Write the equations in cylindrical coordinates.
(a)
3z = 2x^2 + 2y^2
(b)
7x^2 + 7y^2 = 4y
To write the equations in cylindrical coordinates, we need to convert the variables from Cartesian coordinates (x, y, z) to cylindrical coordinates (ρ, θ, z). Here's how you can do it:
(a) 3z = 2x^2 + 2y^2
First, we need to replace x and y with their respective cylindrical coordinates.
In cylindrical coordinates, x = ρ cos(θ) and y = ρ sin(θ).

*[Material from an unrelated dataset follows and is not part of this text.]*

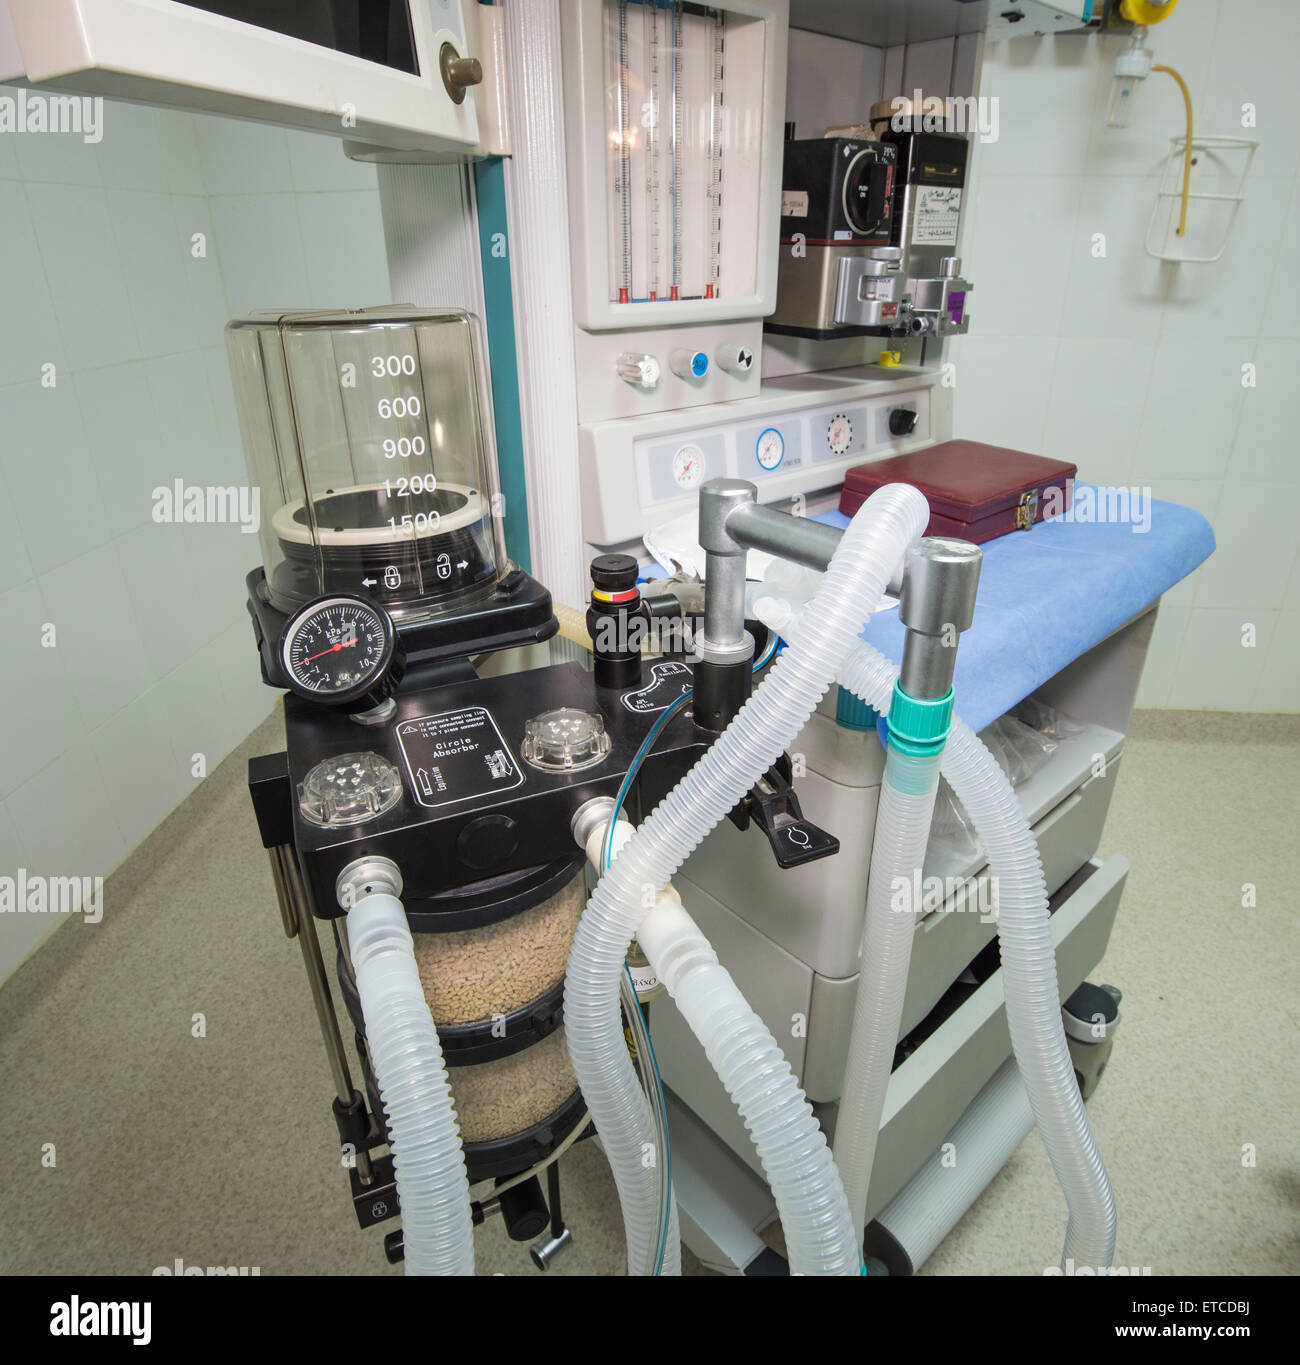 Closeup détail d'un ventilateur de la machine en salle d'opération d'un hôpital Banque D'Images

So we have:
3z = 2(ρ cos(θ))^2 + 2(ρ sin(θ))^2
Simplifying this expression, we get:
3z = 2ρ^2cos^2(θ) + 2ρ^2sin^2(θ)
Since cos^2(θ) + sin^2(θ) = 1, we can simplify further:
3z = 2ρ^2(1)
Therefore, the equation in cylindrical coordinates is:
3z = 2ρ^2
(b) 7x^2 + 7y^2 = 4y
Similarly, we need to replace x and y with their respective cylindrical coordinates.
In cylindrical coordinates, x = ρ cos(θ) and y = ρ sin(θ). So we have:
7(ρ cos(θ))^2 + 7(ρ sin(θ))^2 = 4(ρ sin(θ))
Simplifying this expression, we get:
7ρ^2cos^2(θ) + 7ρ^2sin^2(θ) = 4ρsin(θ)
Again, using the identity cos^2(θ) + sin^2(θ) = 1, we can simplify further:
7ρ^2(1) = 4ρsin(θ) - 7ρ^2sin^2(θ)
Therefore, the equation in cylindrical coordinates is:
7ρ^2 = 4ρsin(θ) - 7ρ^2sin^2(θ)
These are the equations in cylindrical coordinates for the given expressions.